Литмир - Электронная Библиотека
A
A

Я управился за два часа.

* * *

…Сталинград — великий сигнал тревоги, который подает судьба немецкому народу! Народ, у которого найдутся силы пережить и преодолеть такое несчастье и при этом еще и почерпнуть из него новую мощь — такой народ непобедим. В моей речи к вам и к нации я вспоминаю героев Сталинграда. Эта память накладывает на меня и на всех вас нерушимые обязательства.

…Сейчас не время спрашивать, как всё это произошло. Вопросы могут подождать до тех пор, пока немецкий народ и весь мир не узнает полную правду о бедствиях последних недель, об их страшной и судьбоносной значимости. Героические жертвы наших солдат в Сталинграде имеют глубокое историческое значение для всего Восточного фронта. Они не были напрасными, и будущее покажет — почему. Когда я перескакиваю через прошлое и смотрю вперед, я делаю это нарочно. Время не ждет! Времени на бесполезные дискуссии больше не осталось. Мы должны действовать немедленно, тщательно и решительно.

…Немецкий народ будет бороться. Мы знаем, что сейчас немцы отстаивают всё самое святое, что у них есть: свои семьи, своих женщин и детей, прекрасную и нетронутую природу, свои города и села, двухтысячелетнюю культуру — всё, ради чего действительно стоит жить.

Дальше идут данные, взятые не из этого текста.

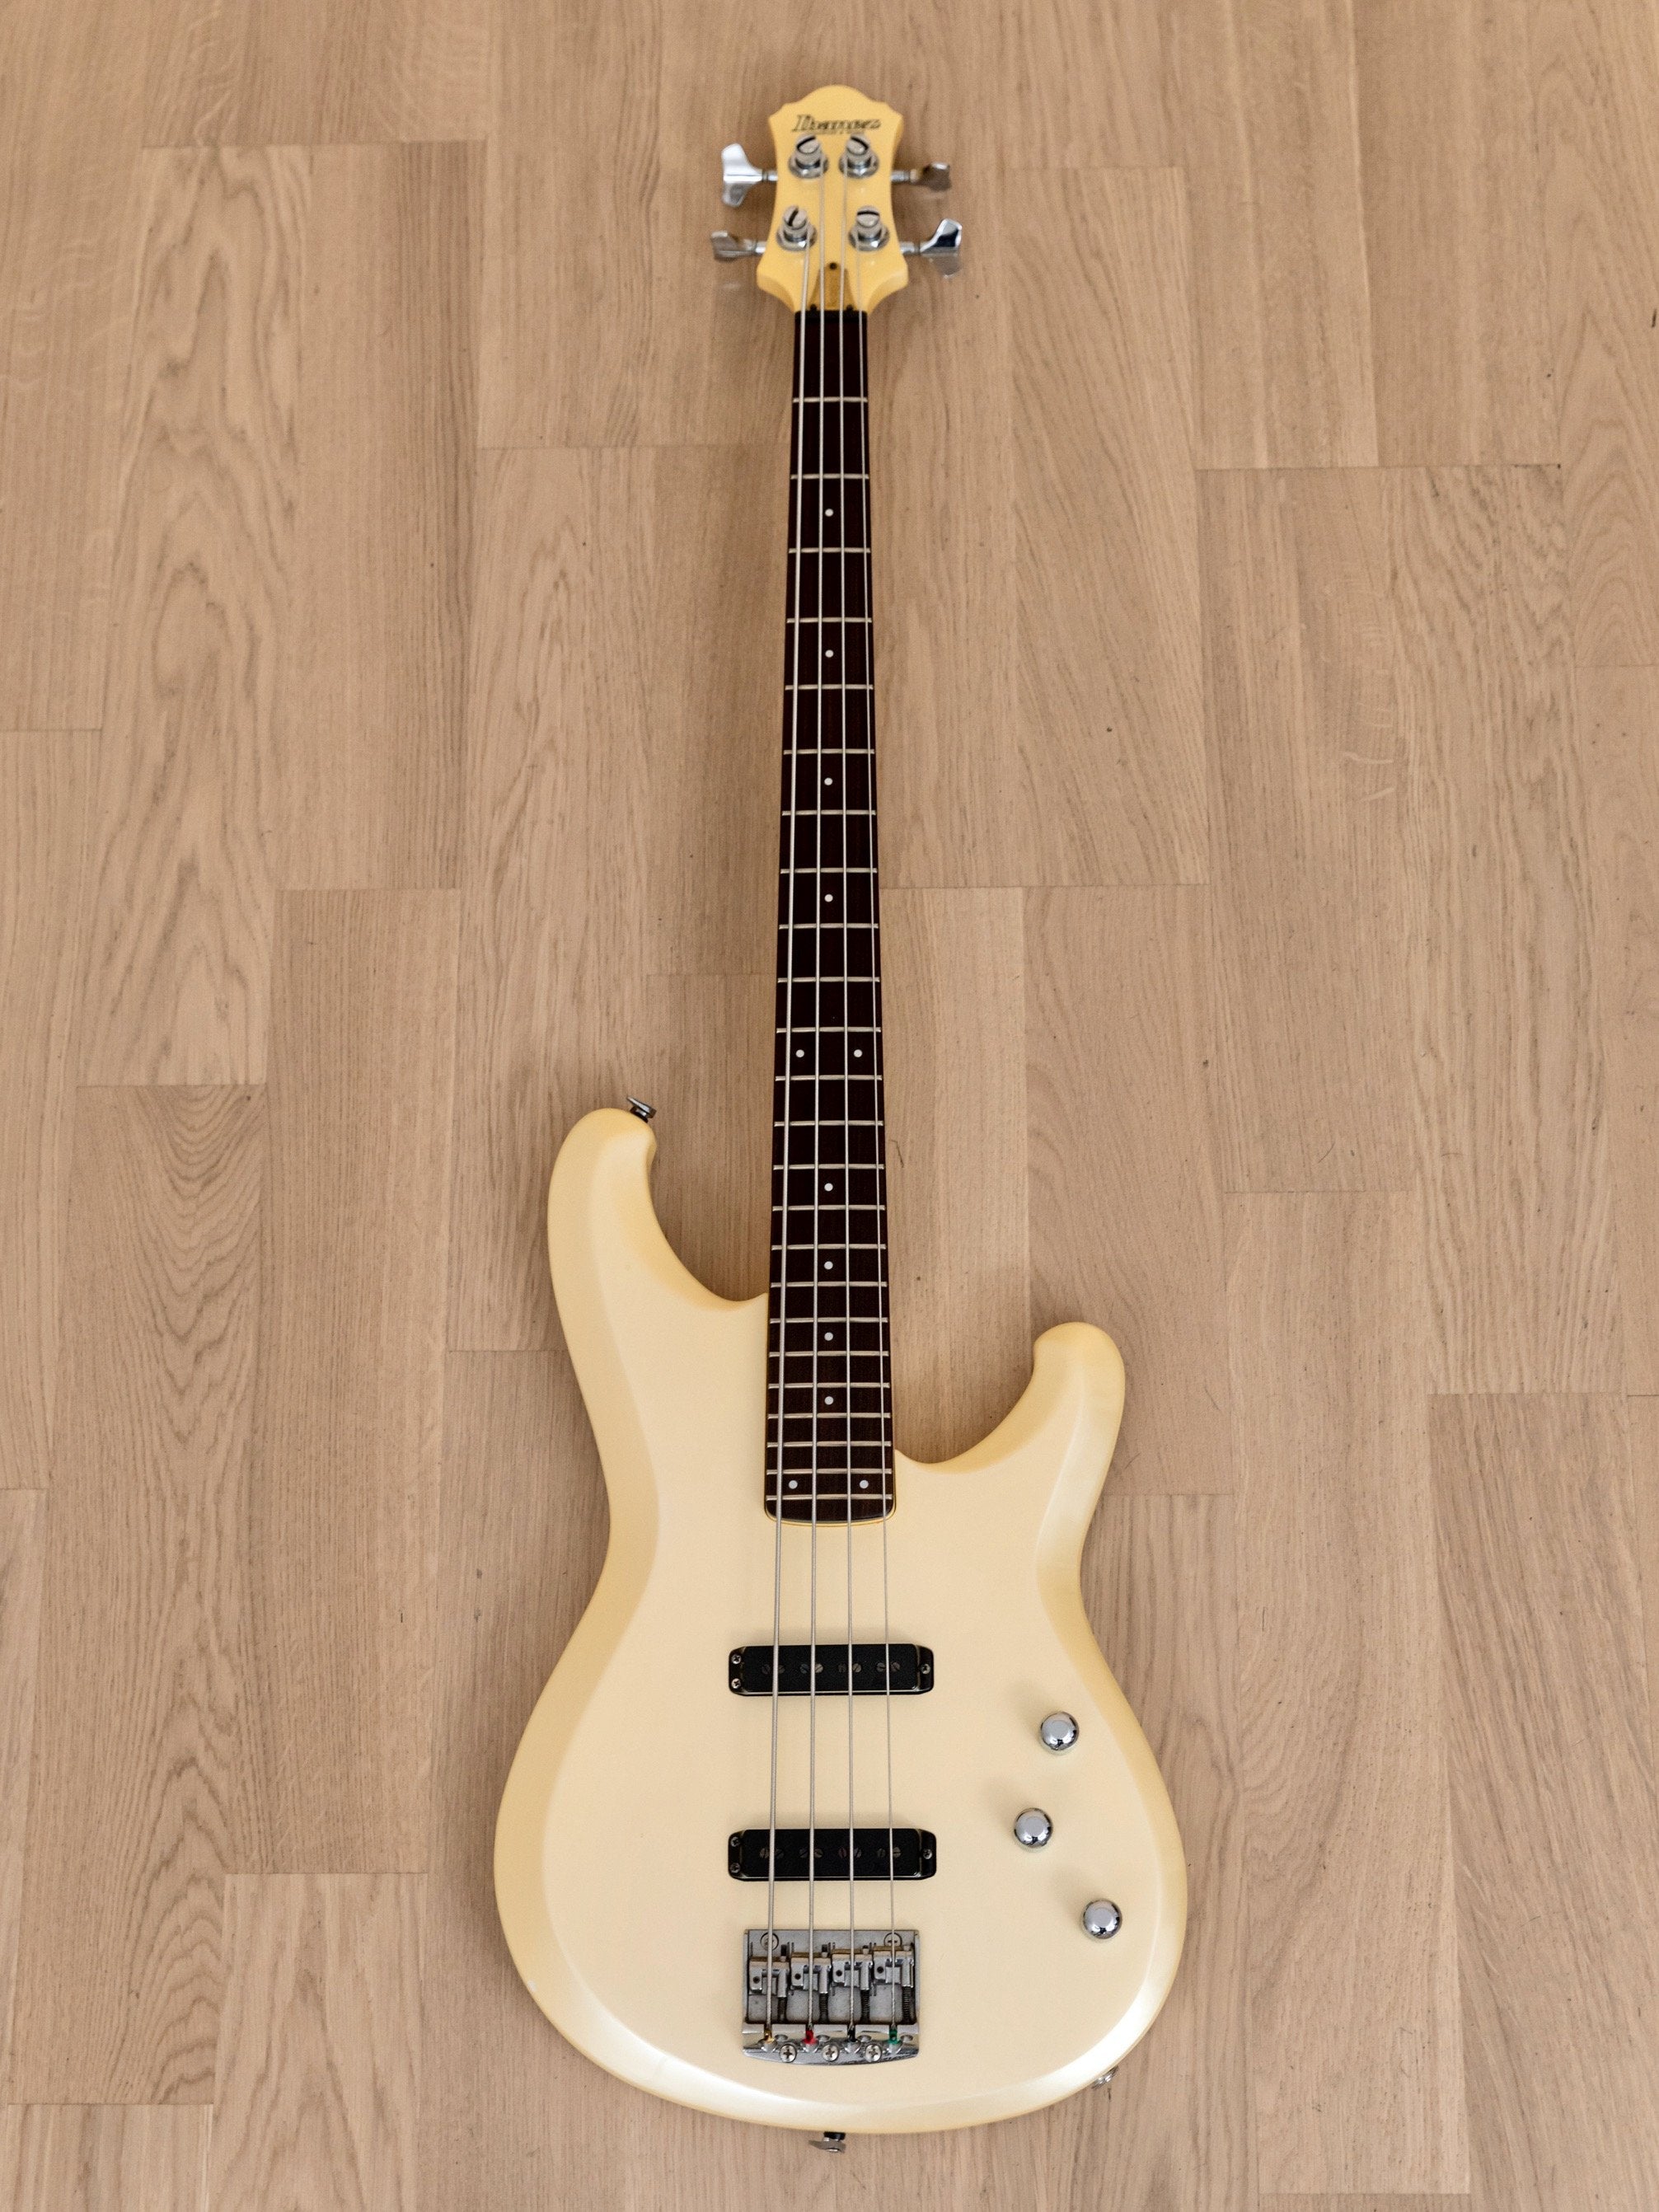 1986 Ibanez Roadstar Bass RB550 Vintage Bass Guitar Polar White, 100% Original, Japan Fujigen

…В этот трудный час каждый должен выполнить свой долг — хочет он того или нет. И мы знаем, что народ это полностью одобряет. Уж лучше сделать слишком много, чем слишком мало, лишь бы только наши усилия привели Германию к победе. Еще ни одна война за всю историю человечества не была проиграна из-за слишком большого количества солдат или оружия.

…Настало время заставить лодырей трудиться. Хватит им нежиться в покое и довольстве. Мы не можем ждать, пока они поумнеют. Тогда уже может быть слишком поздно. Сигнал тревоги должен прозвучать для всего народа. За работу должны взяться миллионы рук по всей стране.

…Наши враги заявляют, что немецкие женщины не в состоянии заменить мужчин в военной экономике. Это может быть справедливо для определенных областей, требующих тяжелого физического труда. Но я убежден, что немецкая женщина полна решимости занять место, оставленное мужчиной, ушедшим на фронт, причем сделать это как можно скорее. Неужели хоть одна жена и мать не отзовется на мой призыв, не встанет к станку ради тех, кто сражается на фронте? Неужели кто-то захочет поставить свой личный комфорт выше национального долга? Неужели кто-то в свете угрожающей нам страшной опасности предпочтет заботиться о своих частных нуждах, а не о требованиях войны?

…В этот час трудных размышлений о судьбе германского народа мы твердо и непоколебимо верим в победу. Мы видим ее перед собой; нам нужно только протянуть к ней руку. Мы должны научиться подчинять ей всё. Таков девиз настоящего момента. И наш лозунг должен быть таким: «Воспрянь, народ, и пусть грянет буря!»

— V —

УДАР ГРОМА

Берлин,

январь — февраль 1943 года

У меня есть все основания полагать, что по окончании войны (с любым исходом) благодарные потомки установят конный памятник на Паризерплац именно Вернеру фон дер Шуленбургу — не фельдмаршалам или адмиралам, не канцлеру, не ушедшим в прошлое вождям, а пожилому графу, сумевшему прорвать, казалось бы, непроницаемую завесу, отгородившую Германию от Востока и сталинской России.

Вчера граф Шуленбург встречался в Стокгольме с русской посланницей Александрой Коллонтай. Негласно, разумеется. При посредничестве шведского министра иностранных дел Кристиана Гюнтера.

Когда поздно вечером в Рейхсканцелярию пришла краткая шифрованная телеграмма «Есть проблеск надежды», я бездумно ополовинил бутылку коньяка «Луи Руайе», до того праздно стоявшую в тумбе стола. Не опьянел вовсе, хотя употребил нектар на голодный желудок. Неужели получилось?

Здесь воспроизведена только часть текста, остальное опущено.